Tabur East is a good training ground if you want challenging terrain but lack time, as it’s very close to PJ/KL. In fact, my muscles ached a bit the day after (more so than when I climbed Bukit Kutu/Gunung Nuang/etc.), probably because of the much wider range of motion needed while climbing Tabur East – at some points the steps are extremely far apart! It’s not too challenging physically, but is much higher risk than any of the other mountains I’ve climbed in Malaysia. I have to say that I have not yet found any other place which is like Tabur, which offers an extremely interesting climb with stunning views. Just stay safe if you decide to go! And I mean that VERY seriously!

GPS Details (from start to furthest point)
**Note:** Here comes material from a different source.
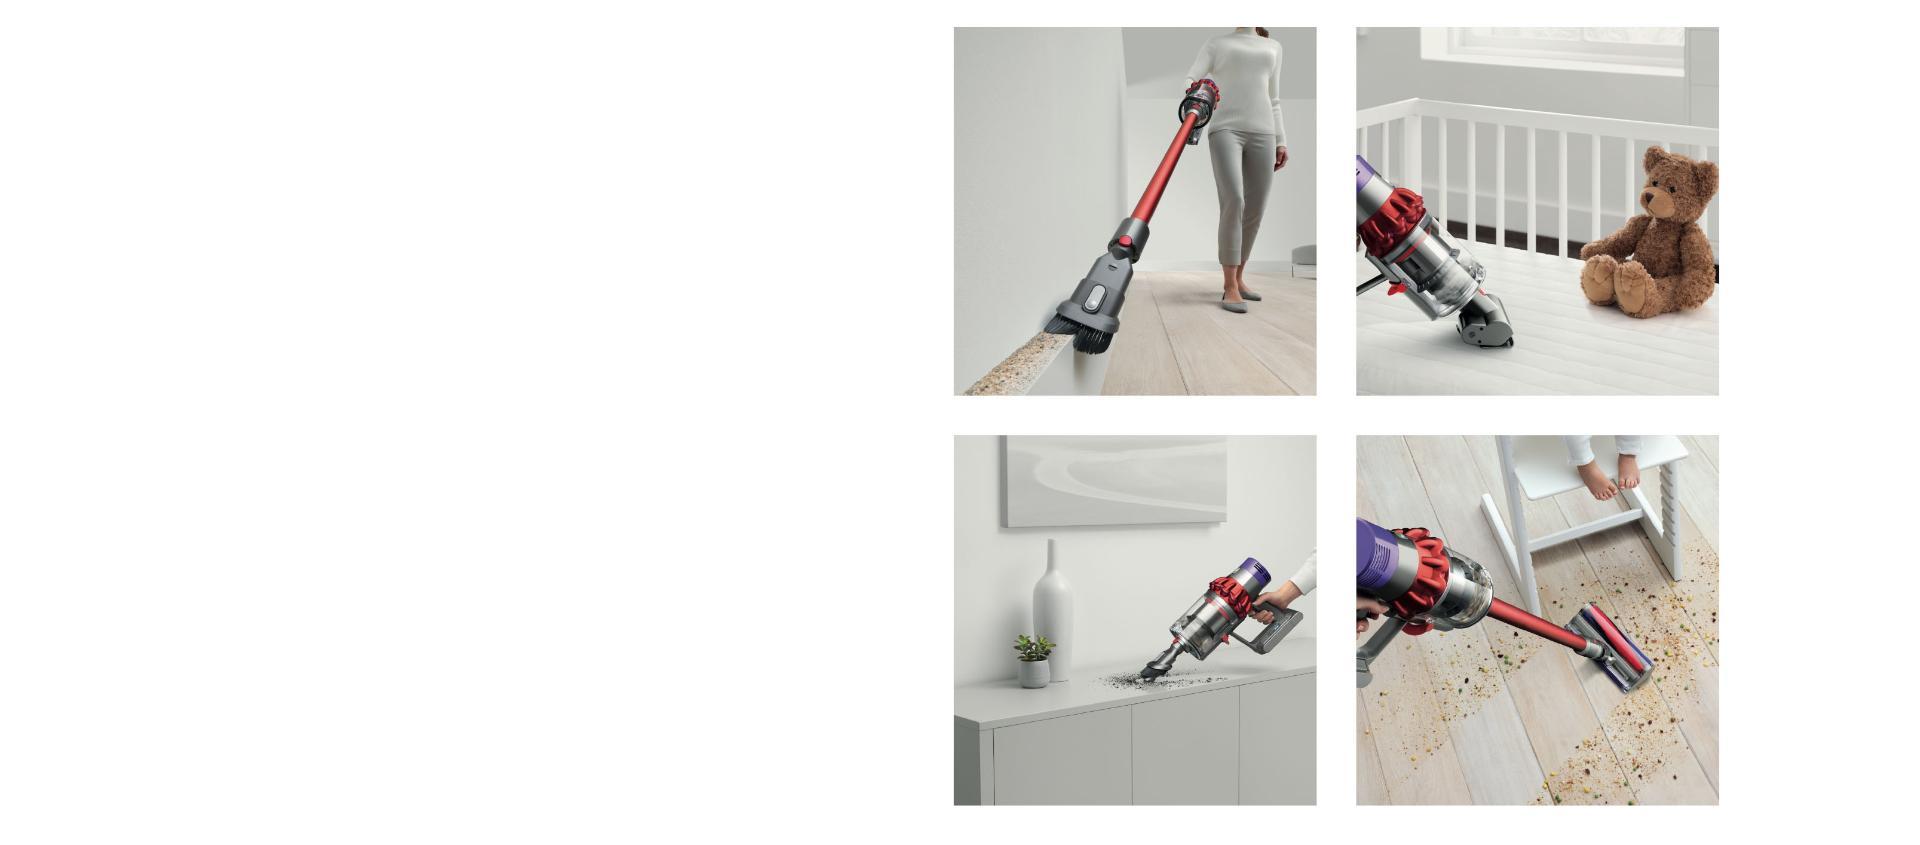 Dyson Cyclone V10™ 吸塵機由直立式轉換成手提吸塵機的動畫

Download GPX, KMZ (Google Earth)
View on EveryTrail

Duration: 1 hours 37 minutes
Length: 1.7km
Average Speed: 1.1km/h
Max elevation: 351m
Min elevation: 85m
Vertical Up: 311m
Vertical Down: 51m

Preparations

Warning: Difficult terrain!! Not recommended as a first hike or if you’re afraid of heights. Average hike time is 2-3hrs both ways.

  • Good phone coverage
  • No river crossings
  • Much of the terrain is exposed. Cap may be useful if it’s very sunny
  • Few/No leeches

Checklist:

  • ~1.5 liters drink, isotonic recommended.
  • High energy snacks
  • hiking shoes (or shoes with grip), extra socks for comfort, if you need
  • Raincoat/poncho
  • Small towel (for sweat/etc.)
  • Insect Repellent
  • Small plastic bag to keep electronics dry in rain
  • Extra clothes (both shirt & pants), can leave in car
  • Plastic bags for dirty shoes/clothes, can leave in car
  • Slippers/Sandals to change into afterwards if shoes are muddy
  • Gloves (you’ll be on all fours a lot of the time. I ended up not using mine but they could definitely help a lot)
  • Emergency gear: flashlight, whistle, knife, lighter, 1st aid kit, etc.
  • Optional: tarp/flysheet, cord/string, etc.

3 thoughts on “Bukit Tabur East”

  1. Hi

    Your post on Bukit Tabur is very useful and interesting and I am thinking of bringing a few friends here for a hike. However I have heard of the dangers involved when hiking here. Do you know where is the nearest hospital and clinic that I can approach in case there is an emergency? thank you very much!